In [1]:
import pandas as pd

# Introduction

Since I've been working on a lot of Kaggle competitions, I use Pandas a lot. As you may know, Pandas (in addition to Numpy) is the go-to Python library for all your data science needs. It helps with dealing with input data in CSV formats and with transofrming your data into a form where it can be inputted into ML models. However, getting comfortable with the ideas of dataframes, slicing, etc was very tough for me in the beginning. Hopefully, this short tutorial can show you a lot of different commands that will help you gain the most insights into your dataset. 

# Loading in Data

The first step in any ML problem is identifying what format your data is in, and then loading it into whateer framework you're using. For Kaggle compeitions, a lot of data can be found in CSV files, so that's the example we're going to use. 

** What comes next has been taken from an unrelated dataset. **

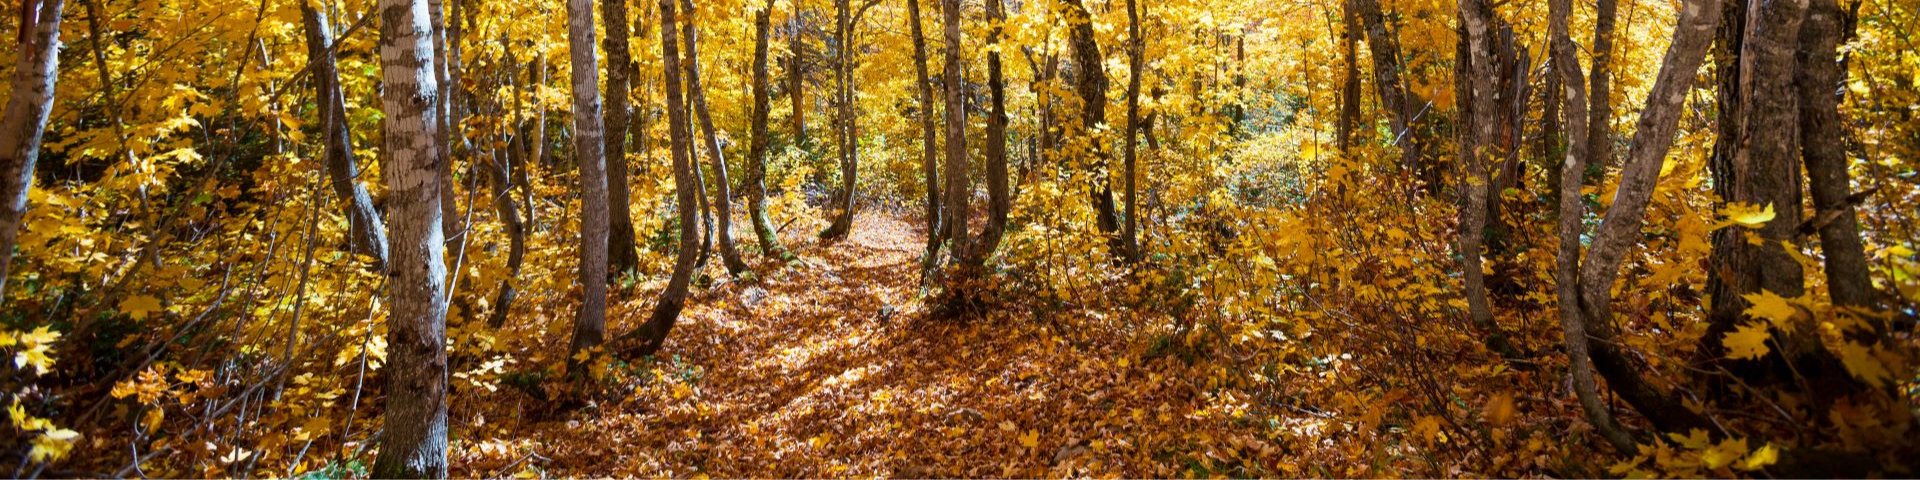 Sentier de feuilles mortes et arbres en automne.

Since I'm a huge sports fan, we're going to be looking at a sports dataset that shows the results from NCAA basketball games from 1985 to 2016. This dataset is in a CSV file, and the function we're going to use to read in the file is called **pd.read_csv()**. This function returns a **dataframe** variable. The dataframe is the golden jewel data structure for Pandas. It is defined as "a two-dimensional size-mutable, potentially heterogeneous tabular data structure with labeled axes (rows and columns)".

Just think of it as a table for now. We'll explain more about what makes it unique later on. 

In [2]:
df = pd.read_csv('RegularSeasonCompactResults.csv')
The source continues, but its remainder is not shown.